Problem: The script catches rate limit errors and retries with exponential backoff. The old code detected 429s by poking at a raw status property and regex-parsing the error message for a retry-after hint — fragile in both directions.

Implementation: Switch to the SDK's typed exception class:

// before — checking a raw status property
function isRateLimitError(error: unknown): boolean {
  return (error as { status?: number }).status === 429;
}

function extractRetryAfterMs(error: unknown): number | null {
  // parsed "Please try again in Xs" from error message
}

// after — using Anthropic's typed exception
function isRateLimitError(error: unknown): boolean {
  return error instanceof Anthropic.RateLimitError;
}

function extractRetryAfterMs(error: unknown): number | null {
  if (!(error instanceof Anthropic.RateLimitError)) return null;
  const retryAfter = error.headers?.["retry-after"];
  if (retryAfter) {
    const seconds = Number.parseFloat(retryAfter);
    if (Number.isFinite(seconds) && seconds > 0) return Math.ceil(seconds * 1000);
  }
  return null;
}

Solution: instanceof Anthropic.RateLimitError is the detector, and the retry-after header is read off the exception directly.
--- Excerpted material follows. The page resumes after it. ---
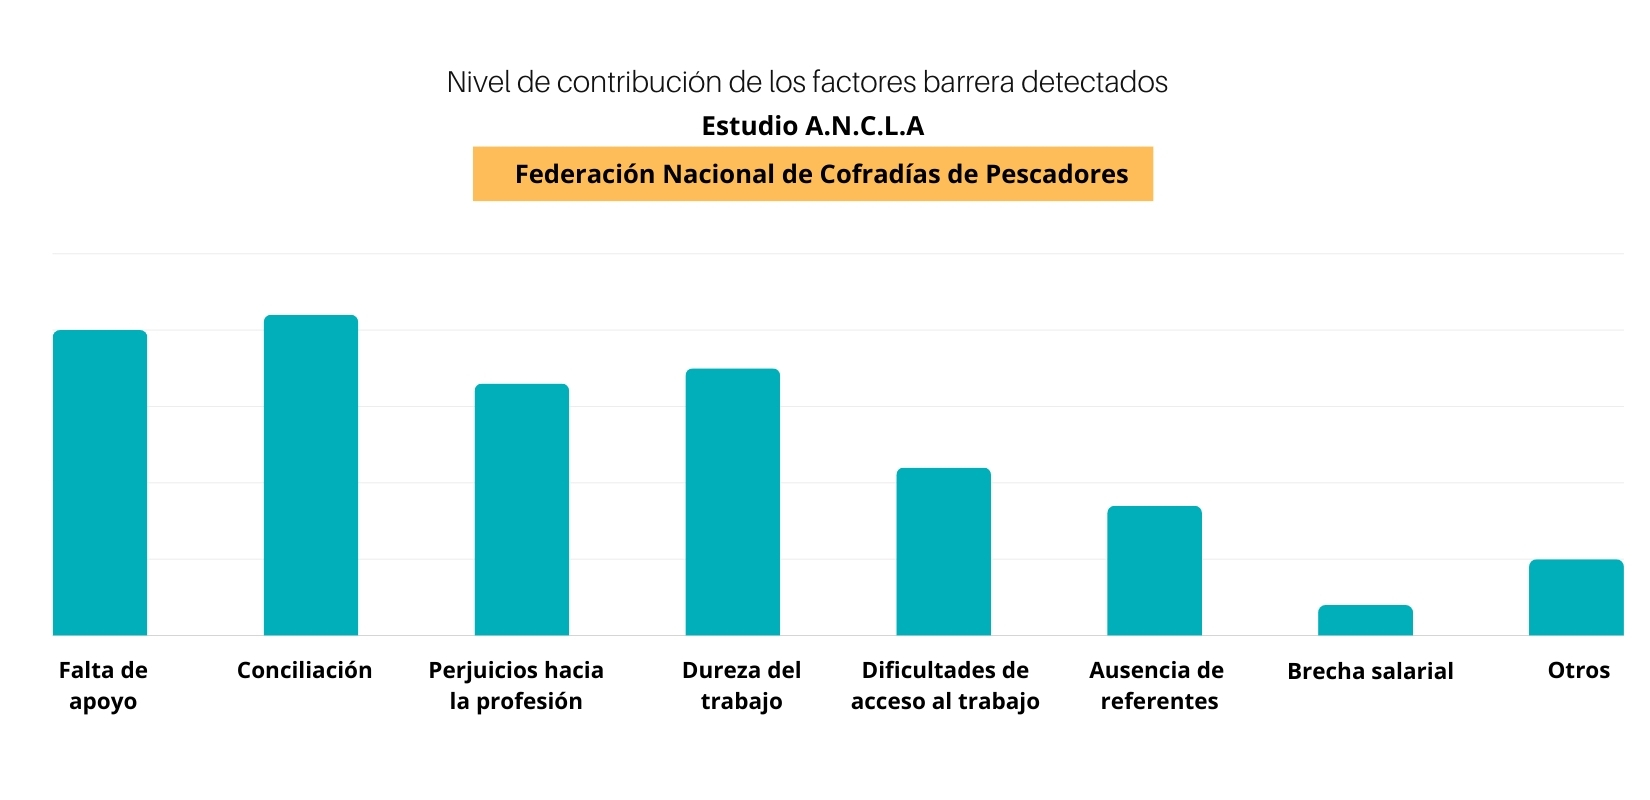 Gráfico obtenido del estudio ANCLA de la Federación Nacional de Cofradías de pescadores. 

Everything else — EXIF extraction, concurrency control, batching, file writing, CLI flags — stayed exactly the same.

Why claude-opus-4-6

claude-opus-4-6 is Anthropic's most capable model and handles dense visual scenes, low-light photography, and culturally specific subjects well. For a batch script that runs offline before a deploy, quality matters more than latency.

What to take away

  • Claude's tool use with tool_choice: { type: "tool" } is a cleaner way to get structured output than OpenAI's json_schema — the result comes back as a typed object, no JSON.parse step.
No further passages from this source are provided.